Album review: Arcade Fire, 'The Suburbs'
3.5 stars (out of 4)
Memory, childhood, home. These are big subjects that have obsessed novelists, movie makers, playwrights and songwriters for decades, if not centuries. Now the Arcade Fire, a band not known for thinking small, tackles them all in its third studio album, “The Suburbs” (Merge).
When the Arcade Fire burst into sudden prominence in 2004 with its rousing debut album, “Funeral,” a process accelerated by the kind of viral enthusiasm normally reserved for Paris Hilton home movies and Kanye West tweets, the excitement was tempered by one nagging doubt: Was this just another built-to-implode Internet flash?
But the Montreal septet has now proven its staying power, making three very different albums in a span of six years. Whereas “Funeral” inspired shout-from-the-rafters sing-alongs, a blast of live-for-the-moment resolve at a time of mourning, “Neon Bible” (2007) was ominous and claustrophobic, a skeptical look at an era that conflates religion, war and consumerism. If “Funeral” was about having faith in each other, “Neon Bible” was about losing faith in the institutions that try to manage our lives.
The title song that opens “The Suburbs” signals another thematic and sonic shift. It’s lighter than anything Arcade Fire has done in the past, with its bouncy piano and skip-along beat, an invitation into an album that seems to expand as it progresses, not unlike the sprawling communities it describes. The song’s jauntiness melts into a mass of ghost-like voices and the tone shifts to something more evanescent. The narrator recalls the expectations and dreams he once had as a child and questions whether he has lived up to them.
“It meant nothing,” he sings, and later expresses his own lack of resolve: “Sometimes I can’t believe it/I’m moving past the feeling.”
Band leader Win Butler and his younger brother Will grew up in the suburbs of Houston, a sun-baked sea of golf courses, shopping malls and utilitarian but largely anonymous houses. In other words, it could’ve been anywhere. That setting describes millions of childhoods, a vast, blank universality that Arcade Fire fills in with personal detail and a deep sense of longing.
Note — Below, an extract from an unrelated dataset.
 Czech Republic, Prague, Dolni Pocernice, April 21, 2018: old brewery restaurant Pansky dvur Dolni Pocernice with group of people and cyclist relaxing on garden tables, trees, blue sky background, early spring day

Though “suburbia” has long been shorthand for homogenized mediocrity in the arts, Win Butler and his bandmates don’t allow themselves to indulge in such easy, condescending dismissals. Instead they invest their upbringing with a mix of fondness and regret, wistfulness and disappointment, and that tension is nurtured by music that is among the richest, subtlest and most unsettling of the band’s career.
Amid this disquieting beauty, the 16 songs and fragments melt one into the next, populated by interlocking characters and images. Memo to shuffle-obsessed iPod listeners: Even more so than its two predecessors, “The Suburbs” is an Arcade Fire album designed to be heard as a whole in a specific sequence.
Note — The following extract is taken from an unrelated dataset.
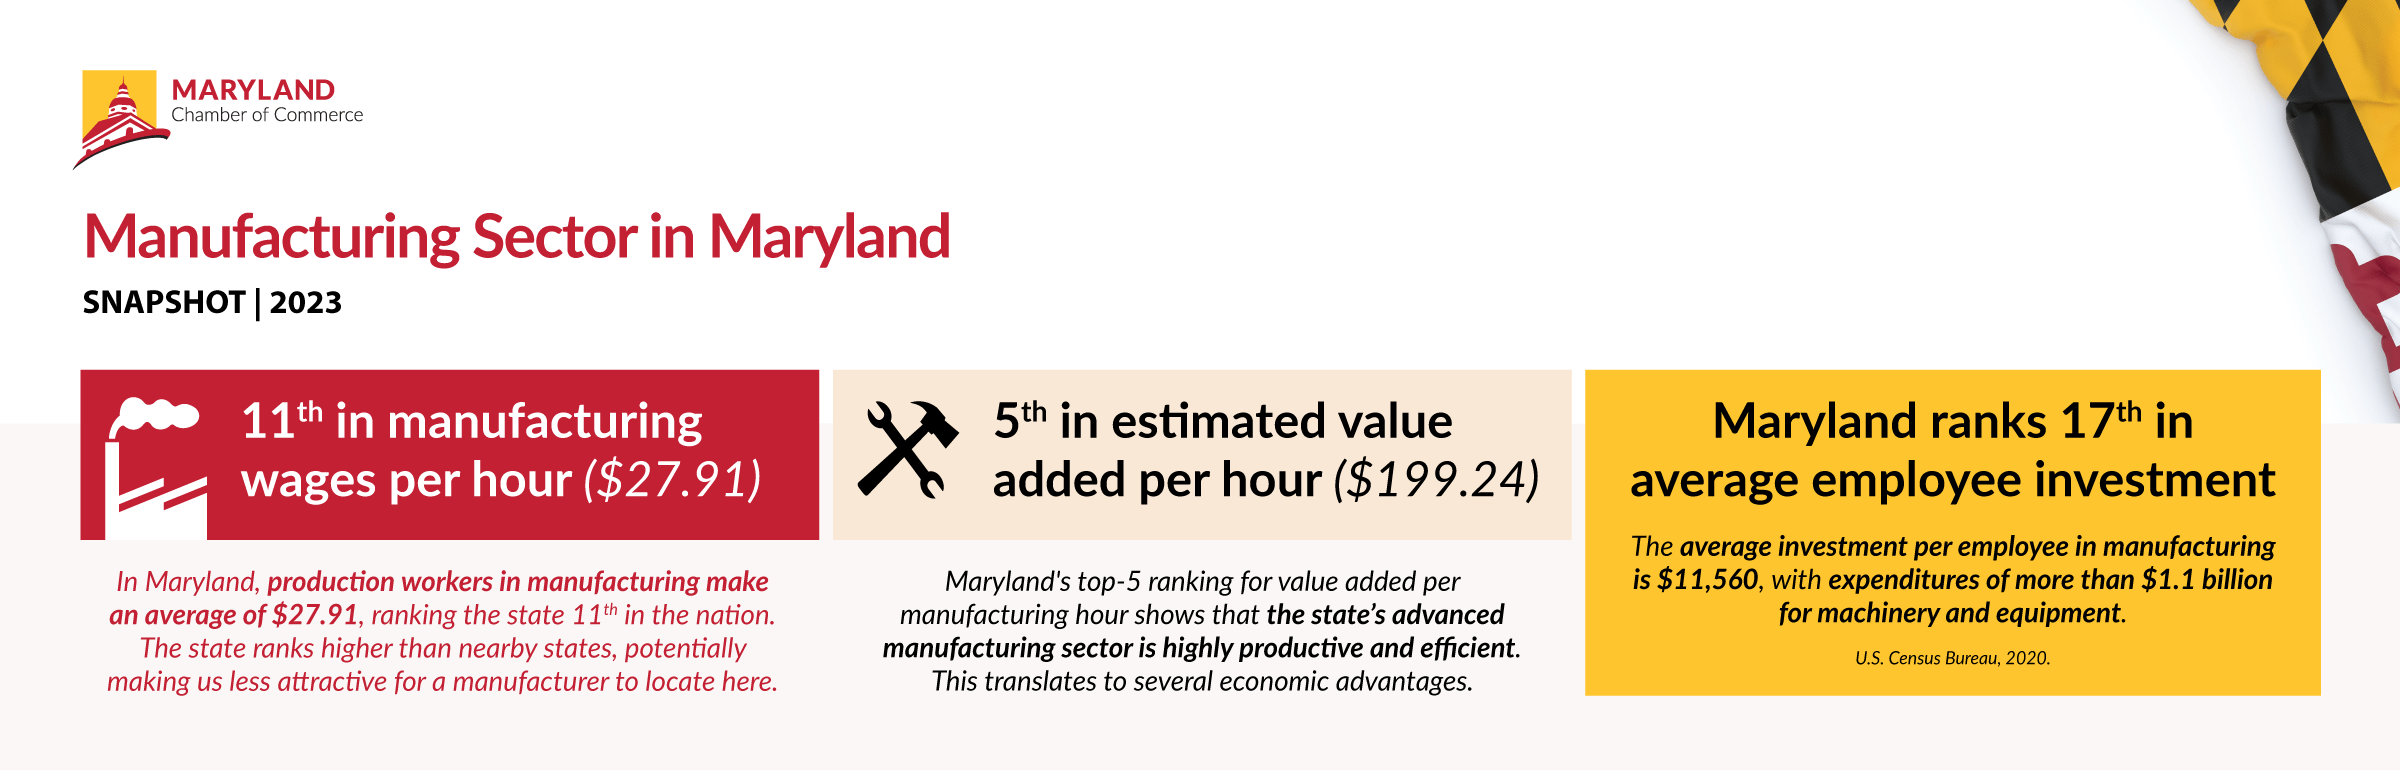 An infographic that demonstrates a variety of rankings regarding Maryland's manufacturing sector, including: 11th in Manufacturing wages per hour ($27.91): In Maryland, production workers make an average of $27.91, ranking the state 11th in the nation. The state ranks higher than nearby states, potentially making us less attractive for a manufacturer to locate here. 5th in estimated value added per hour ($199.24): Maryland's top 5 ranking for value added per manufacturing hour shows that the state's advanced manufacturing sector is highly productive and efficient. This translates to several economic advantages. Maryland ranks 17th in average employee investment. The average investment per employee in manufacturing is $11,560, with expenditures of more than $1.1 billion for machinery and equipment.

Two sets of paired songs find Win Butler and his wife, multi-instrumentalist Regine Chassagne, answering each other with distinct but complementary takes on a community that feels as impersonal as a massive airport concourse. “Someone please cut the lights,” Chassagne pleads on “Sprawl II (Mountains Beyond Mountains),” responding to her declaration in an earlier song that “In the half light, we’re free.”
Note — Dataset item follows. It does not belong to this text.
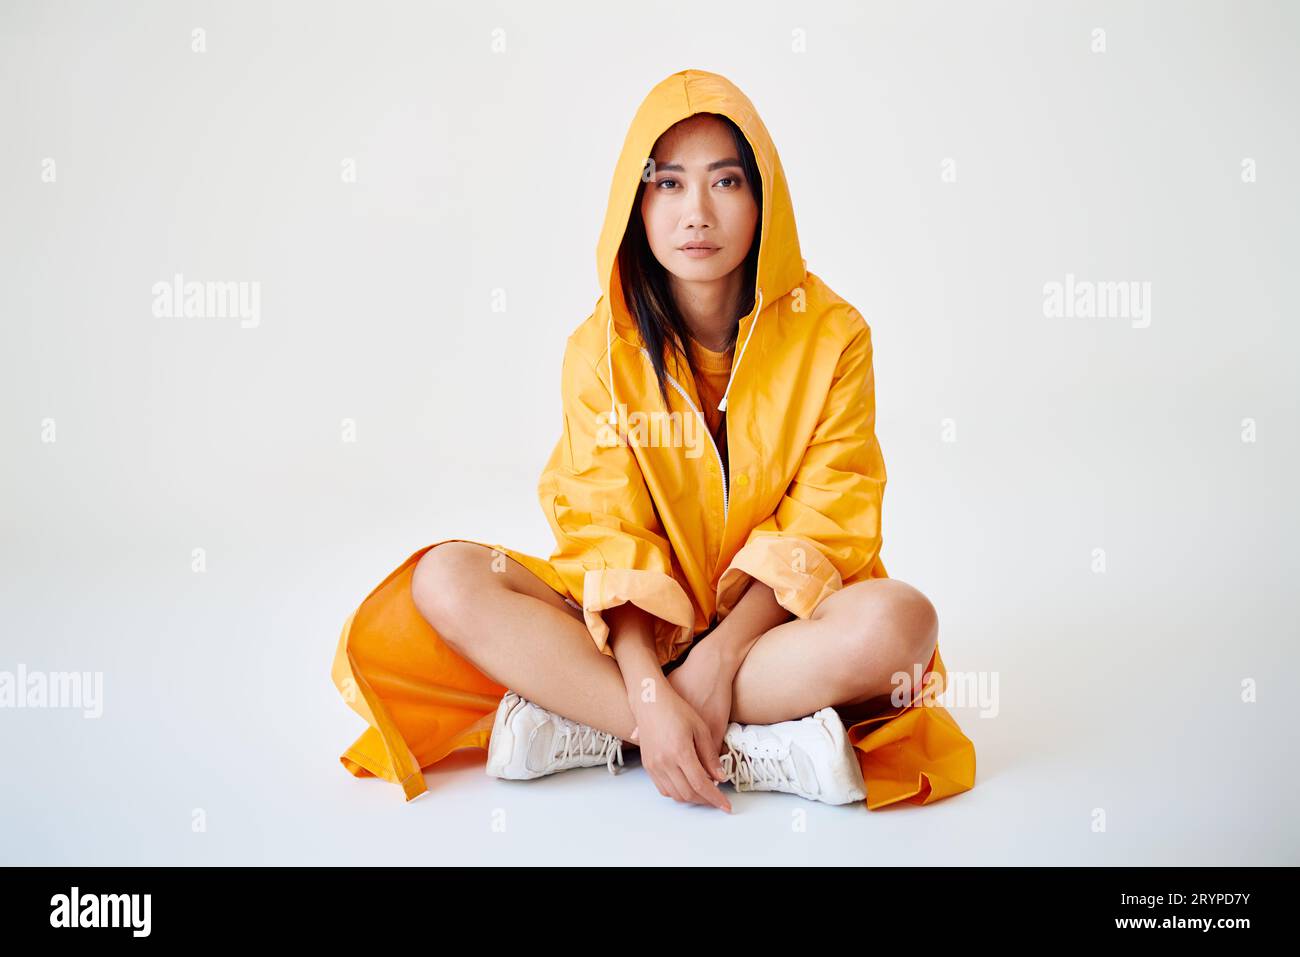 Smiling asian girl with braces dressed in bright yellow raincoat posing with hood on her head on white studio background sitting on floor with copy sp Stock Photo

References to cars and long drives pop up continually, not as a means of liberation and escape as in a Chuck Berry or Bruce Springsteen song, but as symbols of a transitory existence that make the concept of “home” feel increasingly elusive. In “Suburban War,” desperation overtakes hope as the narrator tries to reconnect with an old friend, searching for him in each passing car.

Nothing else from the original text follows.